Emekli kadınlar "Çocuklarını Unutmuyor"

1138

 DİSK Emekli Sen üyeleri kendi sosyal hak ve özlük hakları mücadelesi yanında sosyal sorumluluk projeleri ile toplumsal sorunlar içinde mücadele ediyor. Emekli Sen üyeleri Esenler Mahalle Meclisi’nde başlattıkları ‘Çocuklarını Unutamayanlar’ projesi ile çocukları eleştirmeye ve sorgulamaya yönelik eğitim veriyor. Felsefe ve bilimsel eğitimin, eğitim sistemi tarafından unutturulmaya çalışıldığını belirten emekli kadınlar, maddi durumu olmayan çocuklarla okul zamanları dışında müzik, resim, tiyatro, felsefe, bilim gibi birçok konuda atölye çalışmaları gerçekleştiriyor.  Çalışmalarla ilgili olarak görüşlerini aldığımız DİSK Emekli Sen Şube Başkanı Hale Sargın Sarıcan, örgütlenen emeklilerin ülkede ki toplumsal sorunlardan uzak kalamayacağını ifade etti.

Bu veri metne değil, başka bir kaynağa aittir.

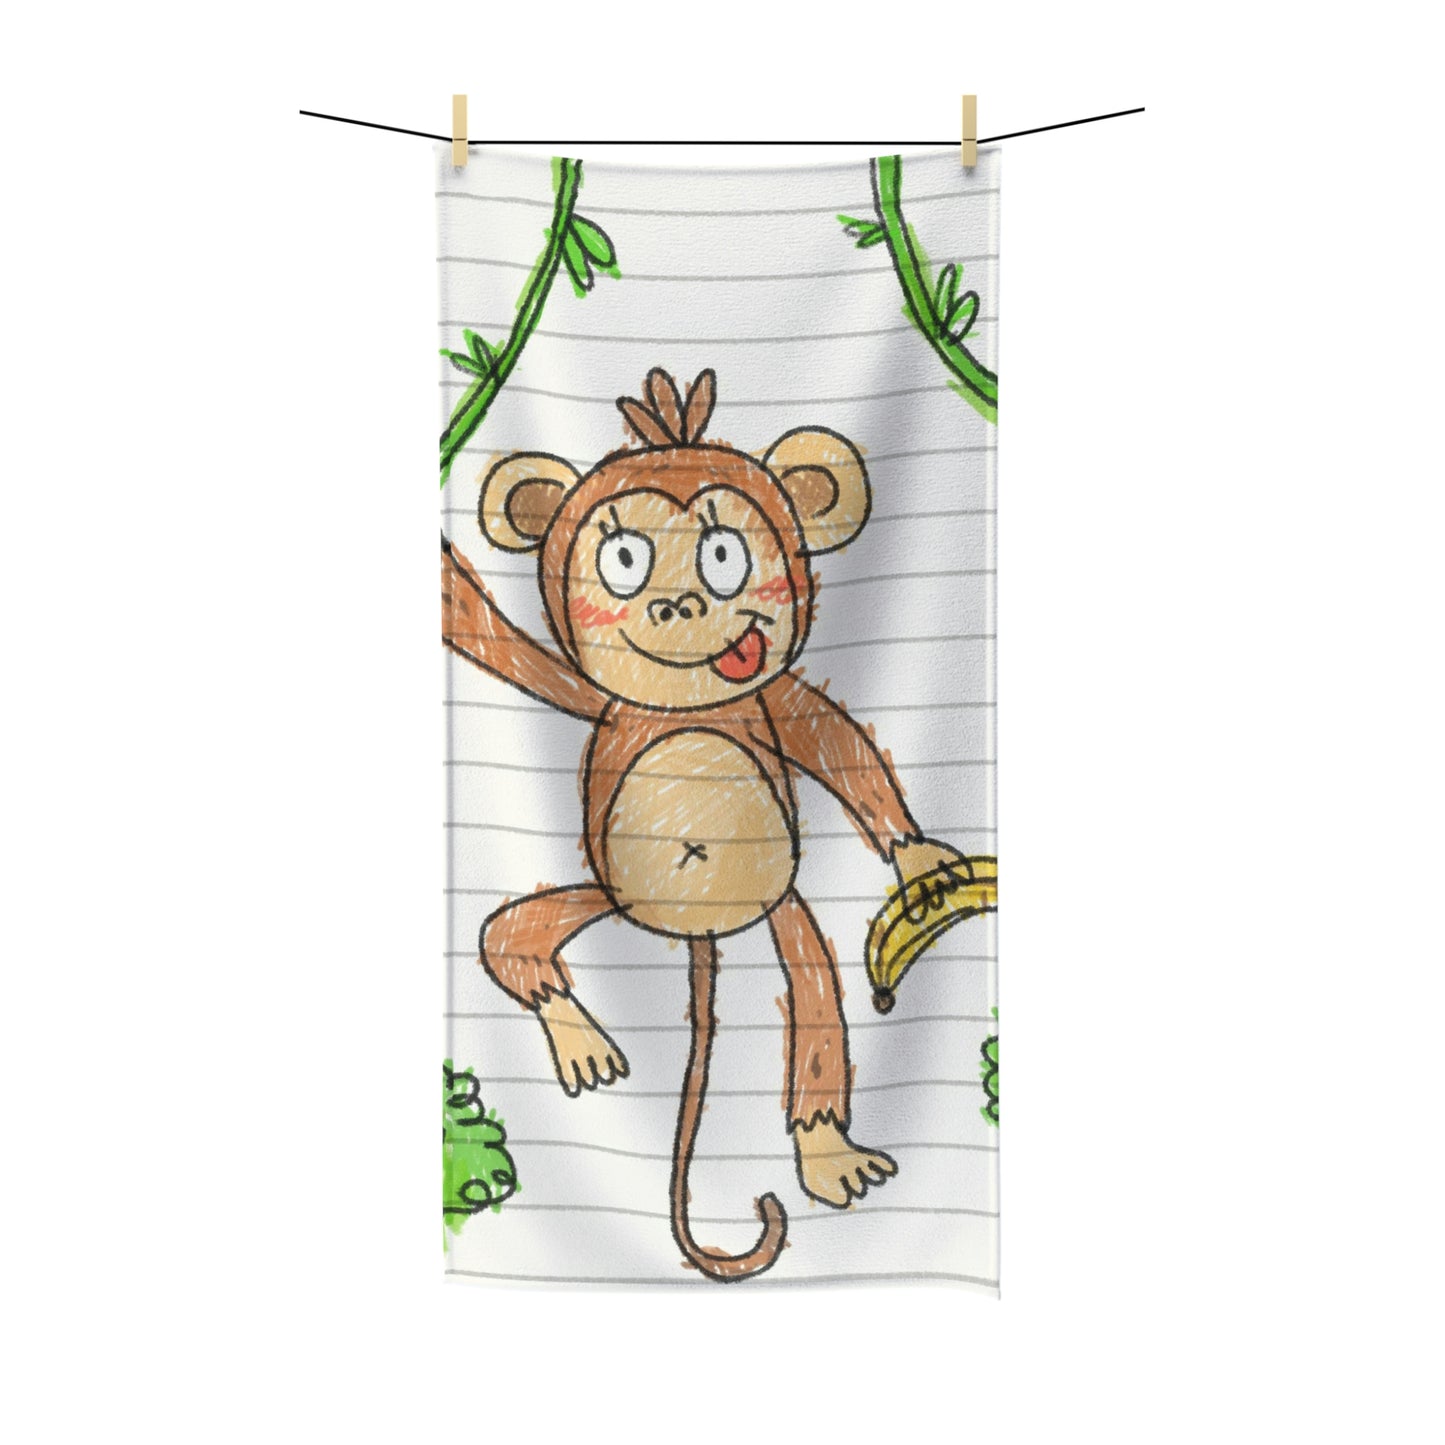 Graphic Monkey - Fun Zoo Clothing for Ape Lovers Polycotton Towel

Türkiye’de şu anda en büyük sorunlardan bir tanesinin eğitim sorunu olduğun dile getiren Sarıcan, yeni müfredatla gerici bir eğitim anlayışının çocuklara verilmek istendiğini belirterek; “Şu anda önümüze çok yakıcı bir eğitim sorunu var. Çocuklarımıza, gençlerimize verilen gerici bir müfredat programı var. Bu programda ne yazık ki bizlerin özlemini duyduğumuz aydınlanmacı, laik, öğretici ve geleceğe dönük bir program yok. Bu ülkenin geleceği çocuklar ve gençlerdir. Çocukların iyi ve doğru eğitim alması bu ülkenin geleceğinin çok daha parlak olması demektir” dedi. Proje sorumlularından eğitim gönüllüsü Kezban Buldu ise çocukların kendi hayatları ile ilgili tasarı yapabilmeleri amacı ile bu projeyi başlattıklarını ifade ederek; “Çocukların kendi hayatları ile ilgili düşünce tasarımını geliştirmesi için yaratıcılıklarına değer verdiğimiz zaman, gözlemlerine değer verdiğimizde, çocukların kendi hayatlarıyla ilgili tasarı yapacaklarına inandığımız için bu projeyi yürütüyoruz” dedi. Eğitim Sisteminde çocukların felsefeden uzaklaştırıldığını belirten emekli felsefe öğretmeni Aynur Kütüklü bu sebeple çocukların bilimde ve eleştirel düşünceden tamamen soyutlandığını ifade ederek; “Toplumun bu hale gelmesinde eğitimde felsefenin olmayışının, eleştirel düşüncenin olmayışının büyü katkısı olduğuna inanıyorum. Bilimsel düşünce, eleştirel düşüncedir. Birey özgür olmalı, özgürce düşünüp karar verebilmeli, olaylara eleştirel bakabilmeli, birilerine bağımlı olmamalı” dedi.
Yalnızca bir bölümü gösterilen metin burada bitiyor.